Y es que este es punto crítico de toda familia chilena -excluyendo a un sectores minoritario, claro está- , donde se sacan cuentas una tras otra y donde el resultado es categórico: no alcanzará para una vejez digna y donde se tendrá que hacer una especie de cadena familiar para sostener a los viejos.

Eso es lo que también están planteando los funcionarios de Gendarmería de Chile, que en los últimos días comenzaron una movilización por pensiones dignas y porque exista una verdadera carrera funcionaria, donde los que egresan de la escuela de formación puedan acceder hasta los cargos más altos en los 30 años que pueden estar en la institución.

Sin embargo, denuncian, acá no es posible pensar para ellos en llegar, por ejemplo, a suboficial mayor, ya que no hay establecido un periodo para que se suba de escalafón, con la consiguiente mejor salarial y con ello aumentar un poco  más la pensión.

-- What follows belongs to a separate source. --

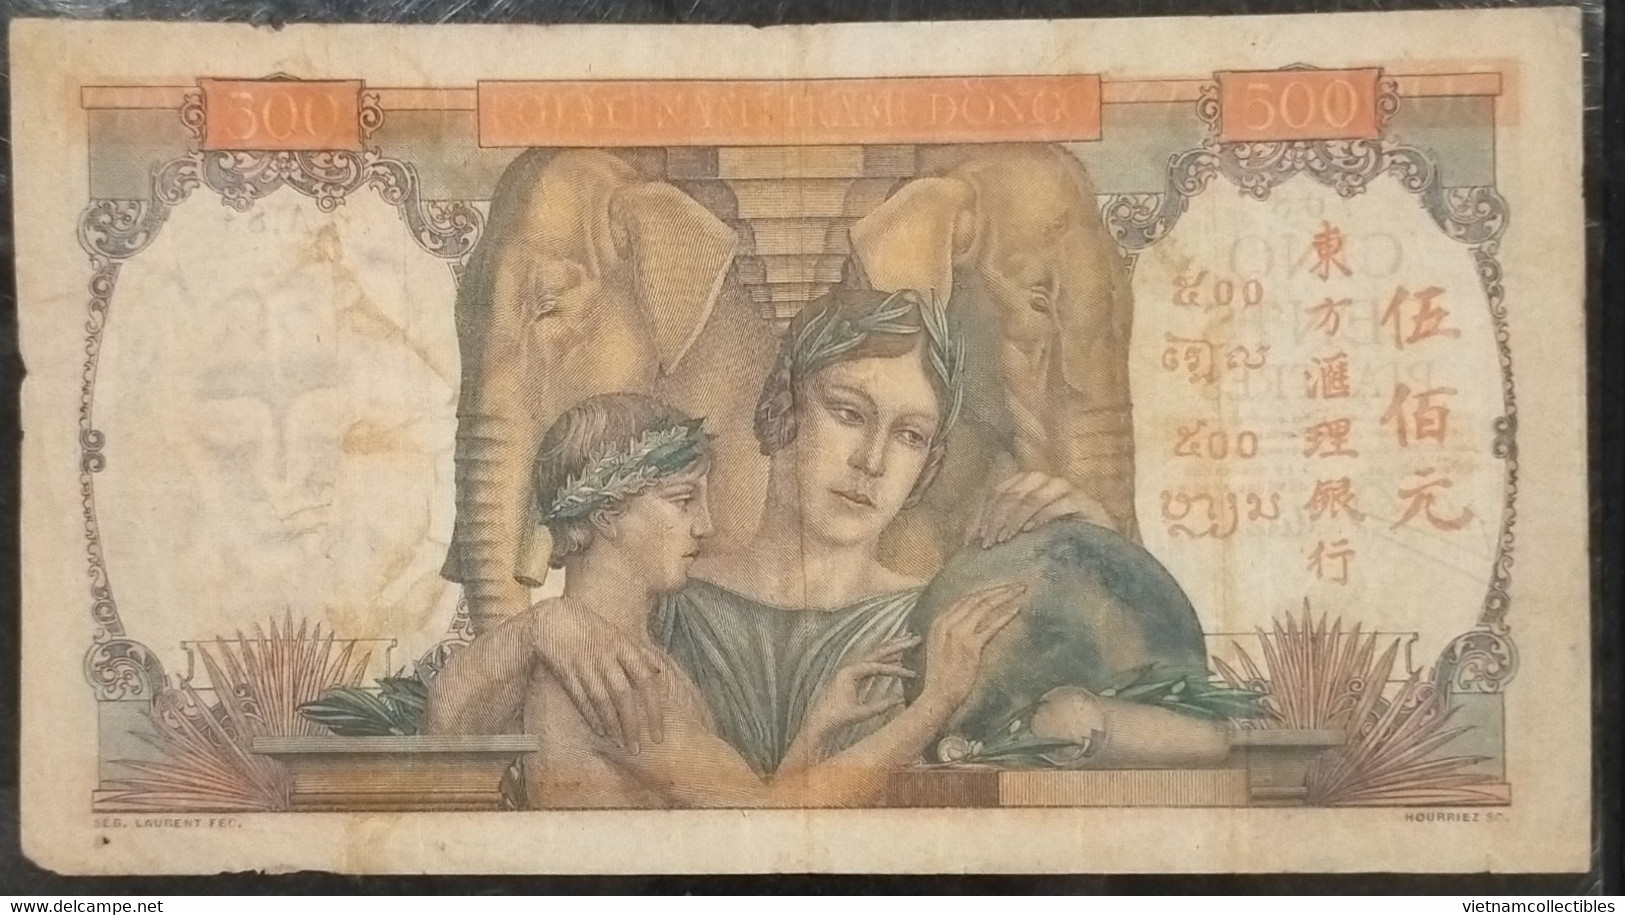 Indochina Indochine Vietnam Viet Nam Laos Cambodia 500 Piastres VF Banknote Note / Billet 1951 - Pick# 83 / 02 Photos - Indocina

A todo esto se suma la resolución N° 42.701, de junio de 2016 por parte de Contraloría, en que se impone un tope máximo imponible de 60 UF -según el Decreto Ley 3501 de 1980 que fundó las AFP-, luego del bullado caso de Miryam Olate,  exsubdirectora técnica de Gendarmería, quien  había logrado una pensión bruta mensual de $ 5,4 millones, lo que fue objetado por la Contraloría, al igual que otras diez jubilaciones millonarias obtenidas por funcionarios de esta repartición.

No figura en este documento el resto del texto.